In my view, there could be three different reasons why a normal sequence search, e.g. with BLASTP, against the annotated protein coding genes in a genome would fail to identify an ortholog when there should be one:

  1. The region of the DNA within which the gene is located is missing in the genome assembly
  2. The gene finding pipeline failed to annotate the gene despite it being there
  3. The protein sequence has diverged too much for you to be able to identify the ortholog

To convincingly prove that a gene really does not have an ortholog in a given genome, you need to somehow justify that neither of these three are likely to be the case.

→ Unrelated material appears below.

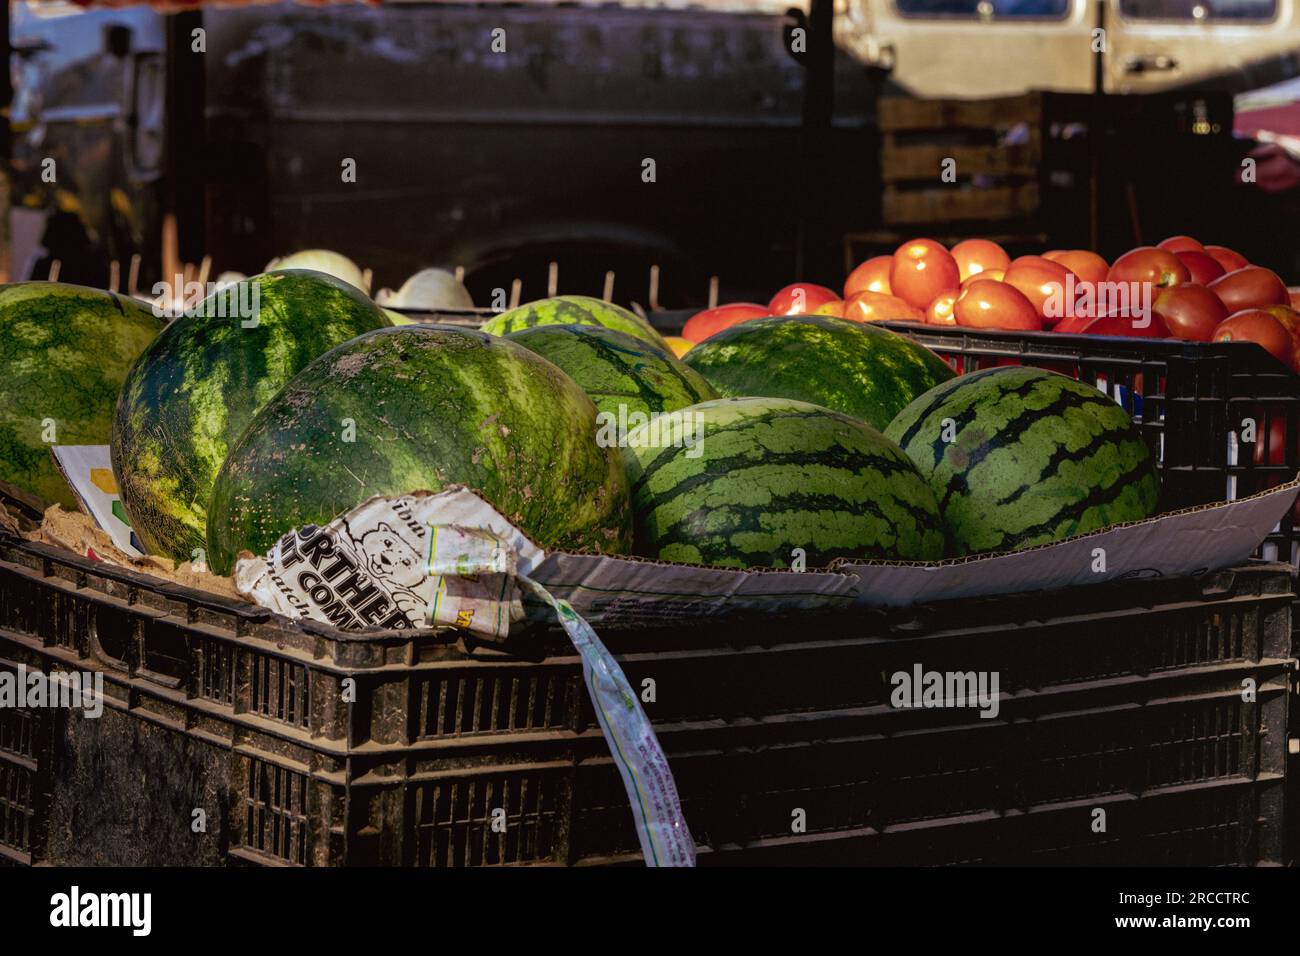 Watermelons Stock Photo
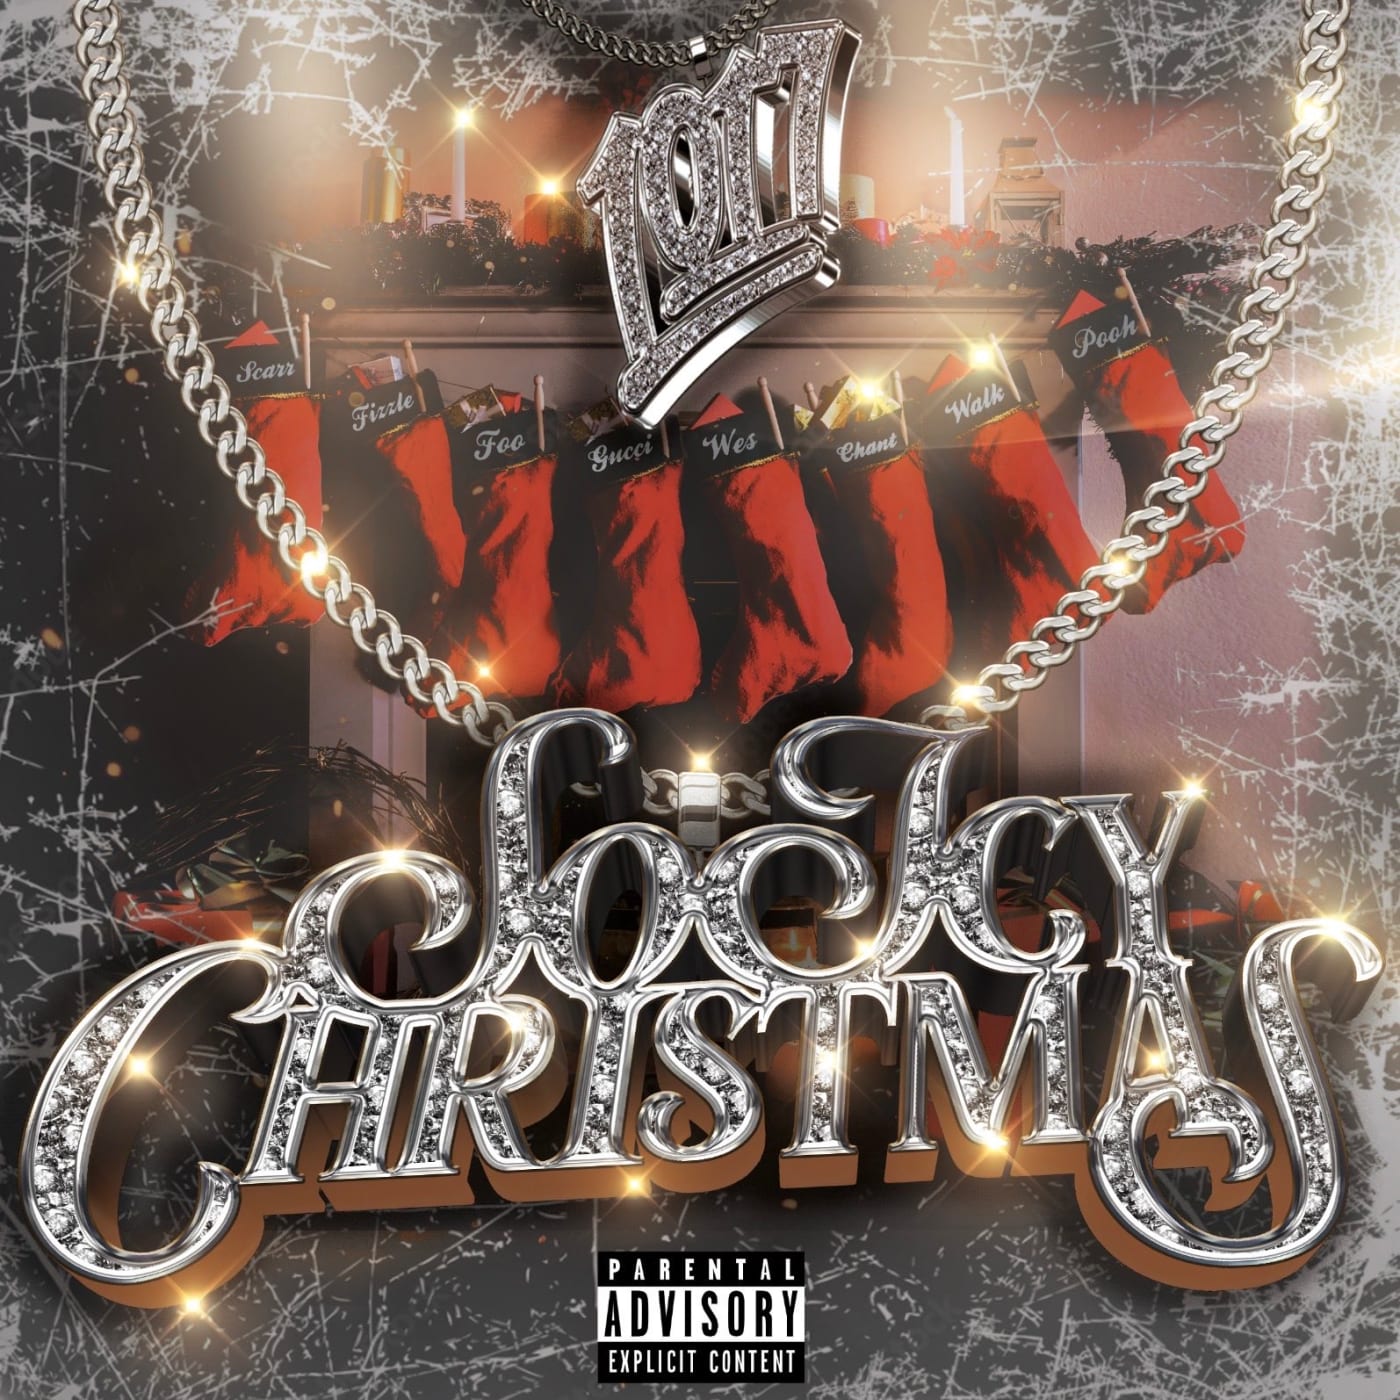 The cover art to Gucci Mane and 1017's 'So Icy Christmas' compilation album.

To rule out point 1, you need to evaluate the genome assembly. Has the genome been assembled into complete chromosomes, or does it consist of a large number of contigs. In the former case, it is fairly unlikely that big chunks of DNA would be missing, but in the latter case you will have difficulties ruling out that the gene of interest might simply not have been sequenced.

To rule out point 2, you could do what you suggested yourself: run BLASTX against the genomic DNA sequence. If you do not find a good hit to your query sequence, it is fairly unlikely that the ortholog was not identified due to errors in the gene finding process.

To rule out point 3, you need to show that the gene of interest does mutate faster than other genes for which you are able to find an ortholog. You can do this by analyzing orthologs across a number of species and estimating mutation rates (or simply looking at percent identity). If your sequence does not appear to diverge faster than other sequences for which you managed to find orthologs, sequence divergence is unlikely to be a concern. As a side note, if divergence is an issue, you might want to look at gene synteny as a way to identify the ortholog.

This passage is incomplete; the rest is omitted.